Any images in the material are to be dropped while every line is retyped exactly.

- **Source material**
※ ※ ※

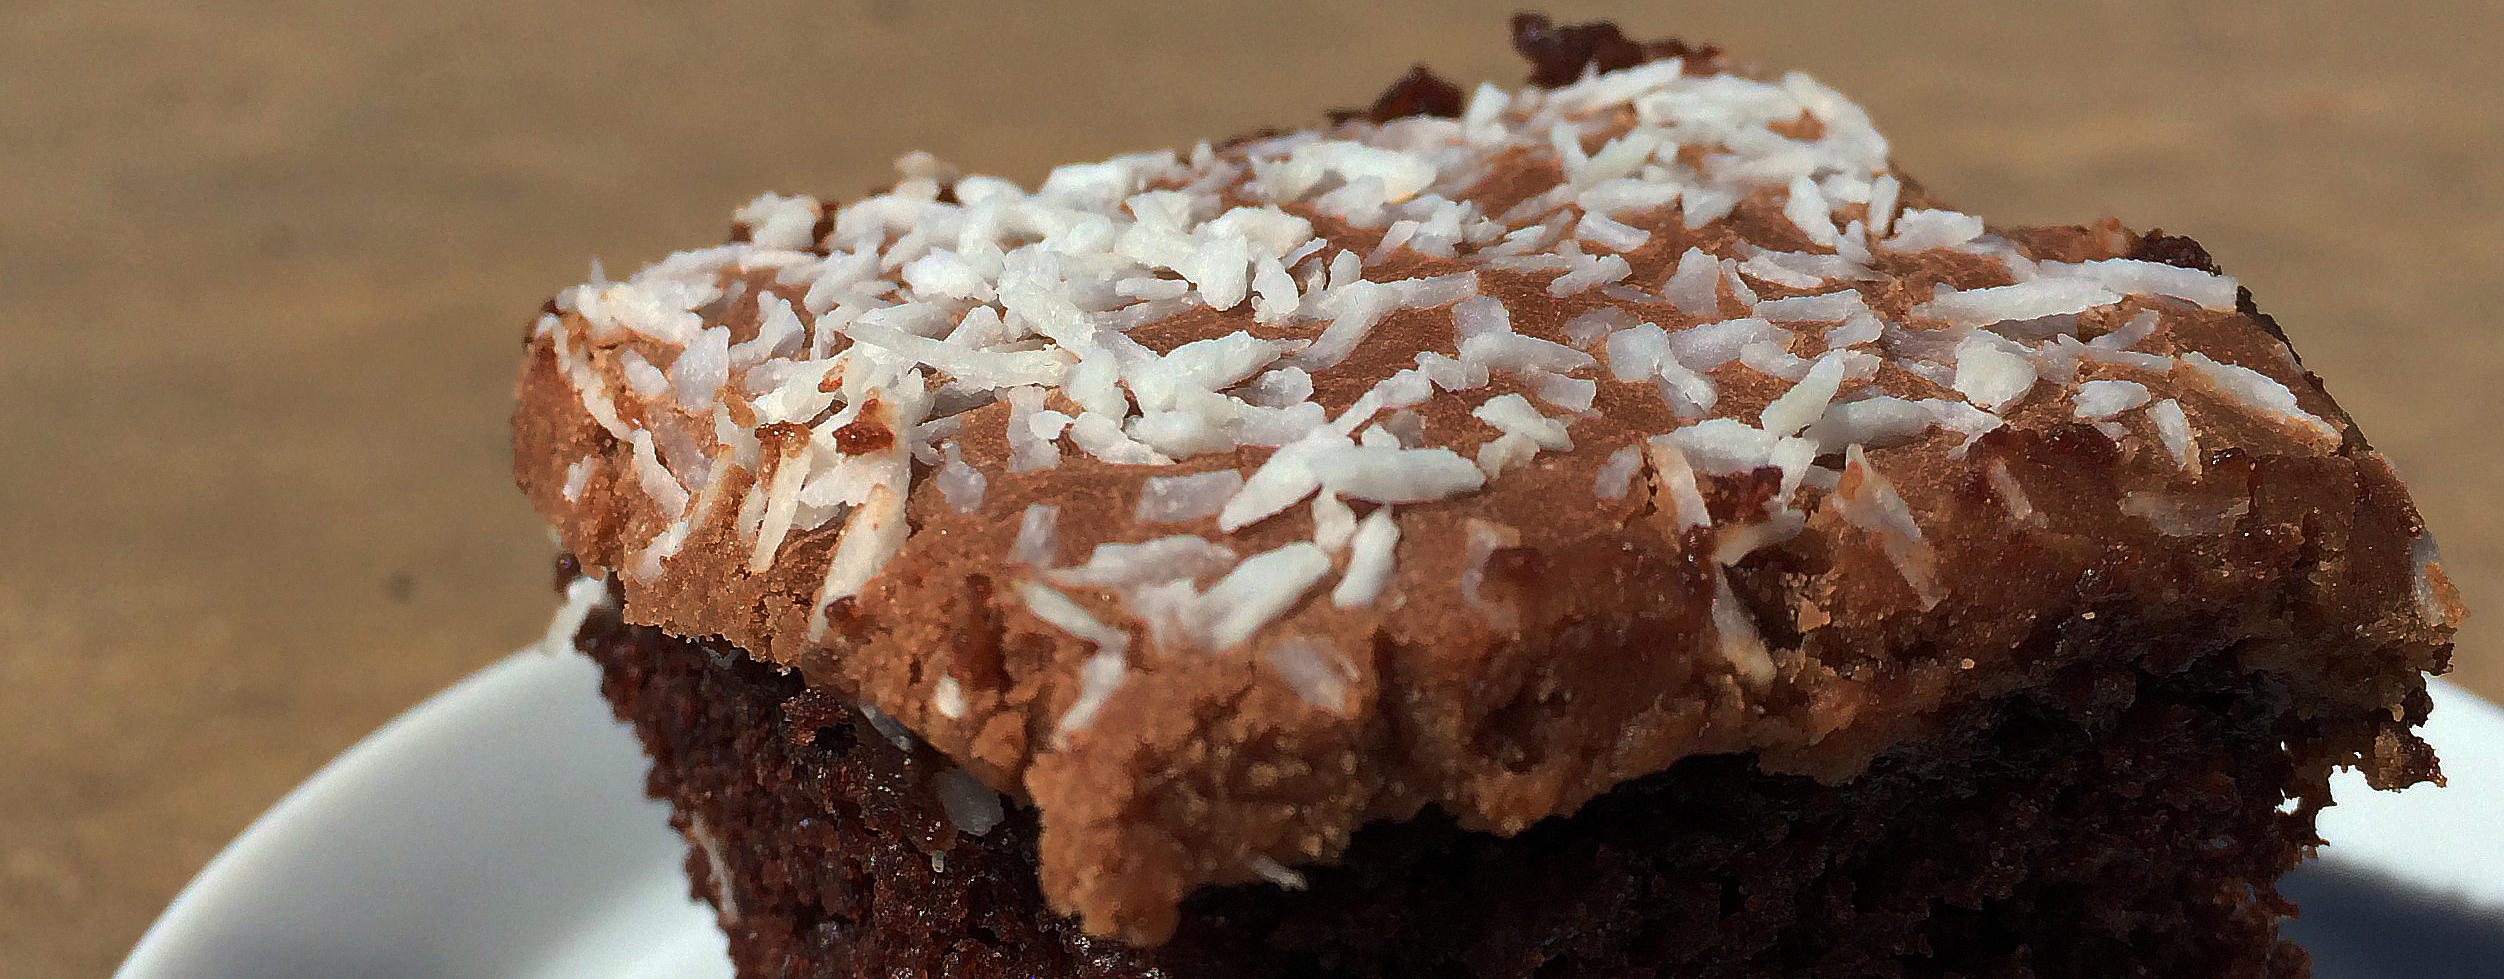 smørkrem oppskrift muffins
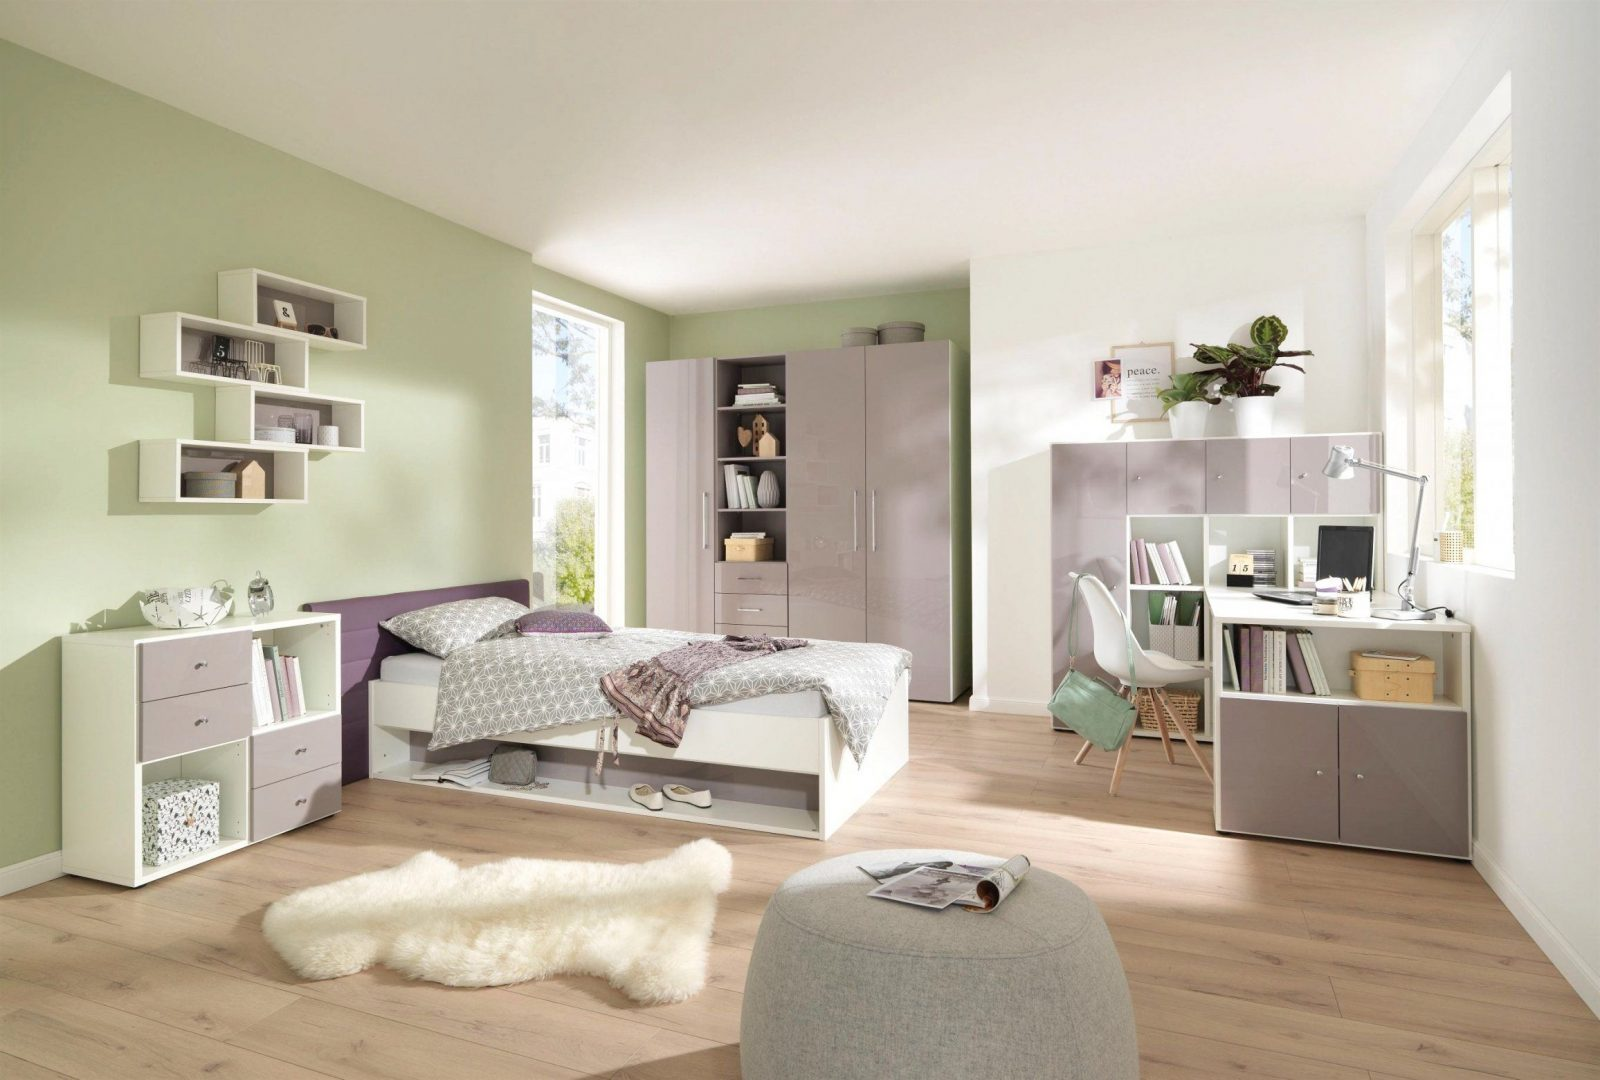 ... Jugendzimmer Für 2 Mädchen Wohndesign Coole Von Coole Jugendzimmer Für  Mädchen Bild ...
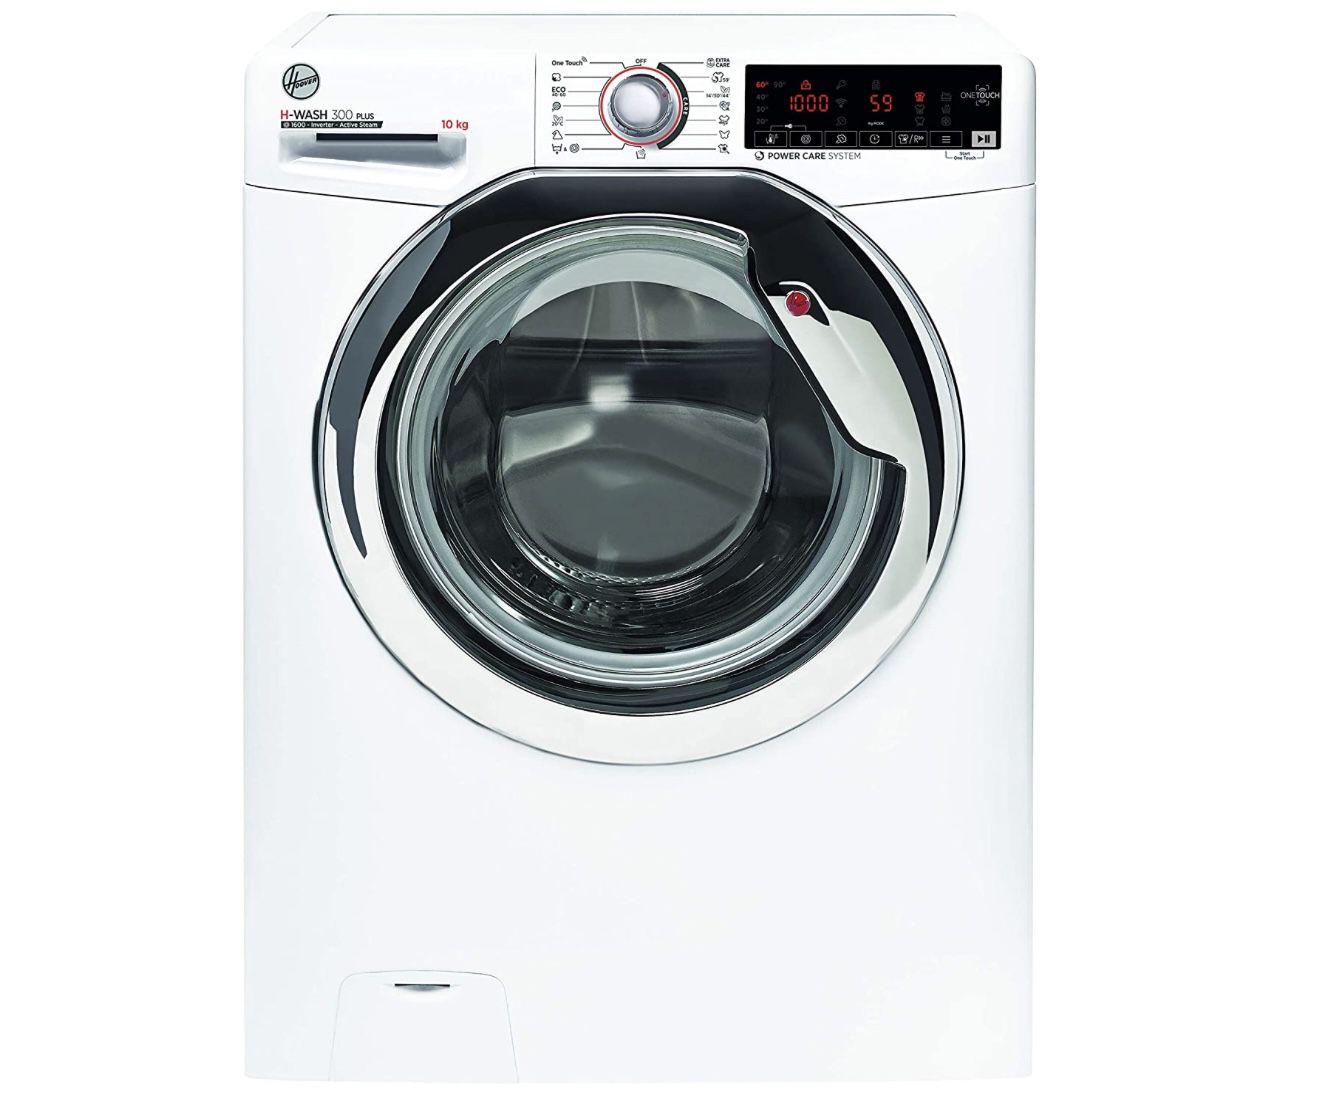 Hoover H3WS610TAMCE/1 S 10kg Waschmaschine mit 1600 U/Min für 339€ (statt 397€)
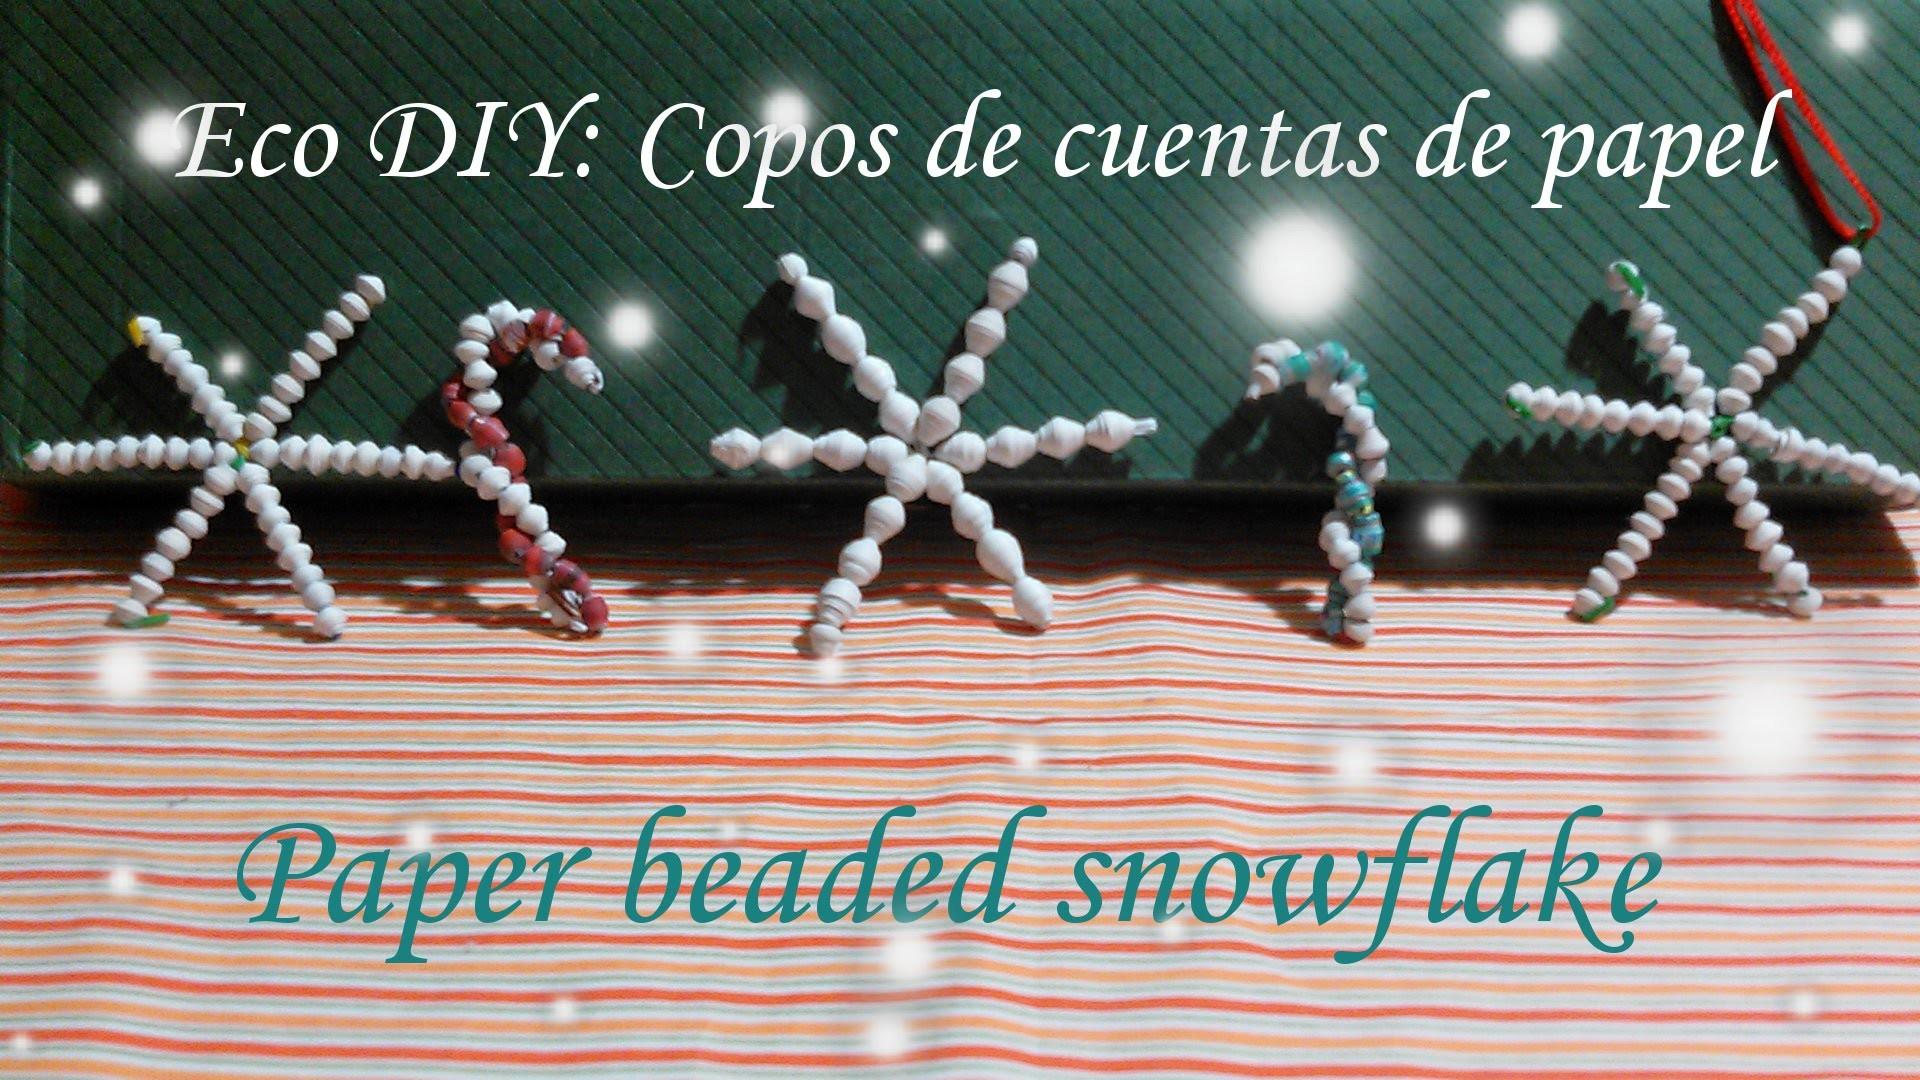 Eco DIY: Copos de cuentas de papel.paper beaded snowflake

※ ※ ※

- **Solution to the problem**
 smørkrem oppskrift muffins
 ... Jugendzimmer Für 2 Mädchen Wohndesign Coole Von Coole Jugendzimmer Für  Mädchen Bild ...
 Hoover H3WS610TAMCE/1 S 10kg Waschmaschine mit 1600 U/Min für 339€ (statt 397€)
 Eco DIY: Copos de cuentas de papel.paper beaded snowflake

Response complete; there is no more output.